Debra came out of the house as she parked. Teresa leapt out of the Montego and broke into a run as soon as she saw her, but Debra dodged away. She was carrying an armful of her clothes, and a Sainsbury's plastic bag stuffed with something.
'Here, 1 want you!' Teresa shouted.
'You fucking leave me alone, you fucking weirdo!' Debra yelled back.
' Get in the fucking car!'
'I've had enough of all that! Fuck off, Gerry!'
She tore away down the hill, dropping garments and stumbling on the uneven ground.
'I'll fucking get you!'
Teresa broke off the chase, and ran into the house. Someone had been in and shat on the floor. She ran up the stairs, kicked open the door of the cupboard, and grabbed her guns and ammunition. lt took her two trips to get everything outside and into the Montego, but as soon as she was ready she drove down the hill in search of Debra. The rifle was hidden in the luggage compartment at the back, but she had put the handgun on the seat beside her.
She knew where Debra would be going: her mum had a
house lower down on the estate. Teresa stopped the car with two wheels up on the pavement and shoved the gun under her jacket. She ran to the door of the house, kicking and pummelling it with her fist.
'They saw you coming, they did!' said a woman, lean'
ing over the wall from next door. 'They've done a runner! Good thing too, you little dickhead!'
Teresa was tempted to blow a sodding great hole in her face, grinning at her over the wall, but instead she whipped out her cock and tried to piss all over the door, but she had dried up.
The woman yelled something, and disappeared. Teresa looked around: she knew Debra's mum's car, and like the neighbour had said it wasn't in sight.
She went back to the Montego, screeched it round in the narrow road and headed away.
She drove fast until she had crossed the Ridge and was going out into the countryside around Ninfield.
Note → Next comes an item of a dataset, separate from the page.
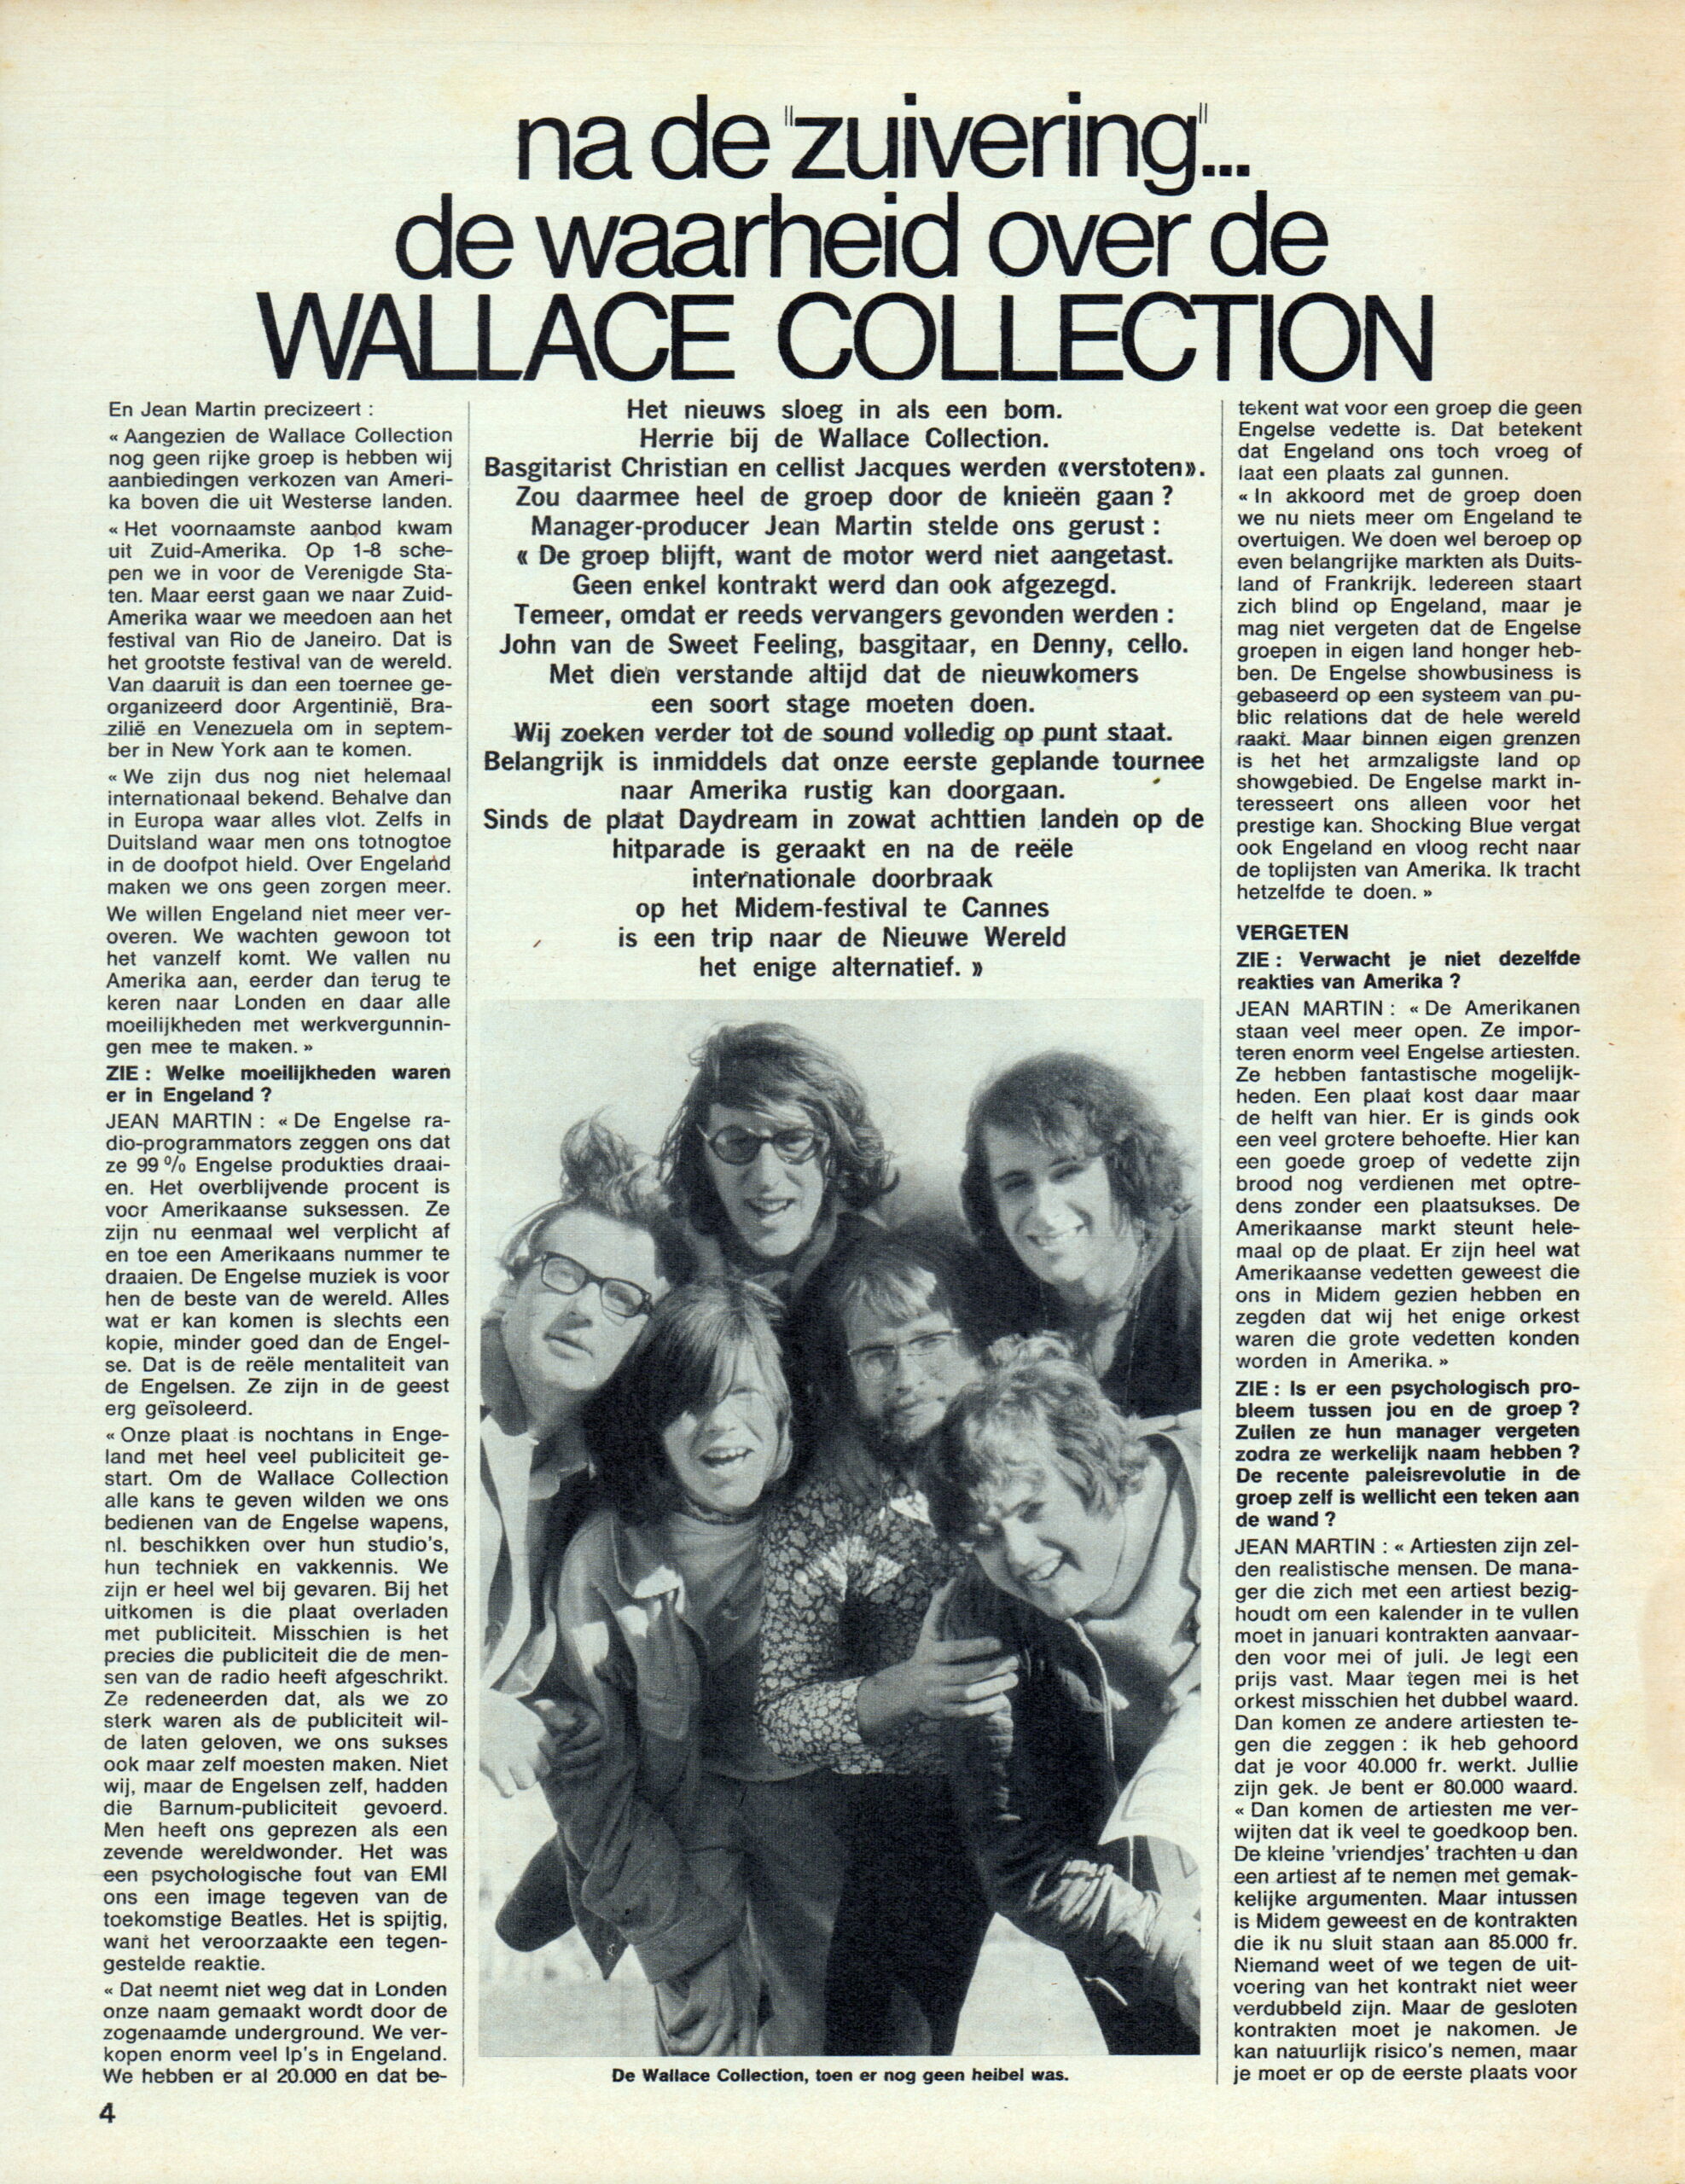 les wallace collection

The sun beat maddeningly down. A police car went past in the opposite direction, blue strobe lights flashing; Teresa instinctively hunched down in the seat a little, but they were obviously going after someone else, and neither of the two cops even glanced in her direction.
The righthand side of the road was thickly forested: Teresa had only a dim memory of having driven along here before, but after a while she saw a sign for a Forestry Commission picnic site next to a layby. She was driving too fast to stop, but she went down to the next farm entrance, did a turn, and went back.
She realized that neither of the guns was loaded; bleeding right! She'd gone after Debra like that!
She skidded into the parking area in a cloud of dust, and angrily picked up the handgun. She slammed in a magazine of bullets.
A path led off through the trees, and ahead of her she glimpsed the bright colours of summer clothes.
She came into a clearing in the trees, where three long wooden tables had been set up. Huge logs lying beside them were used as seats. A young woman was sitting at one of the tables, with plastic cups and plates, scraps of food, and several toys spread all about: a ball, a train, a scribble pad, dozens of coloured bricks. The woman was laughing, and her boy was running around on the grass, pretending to do some stupid thing or other.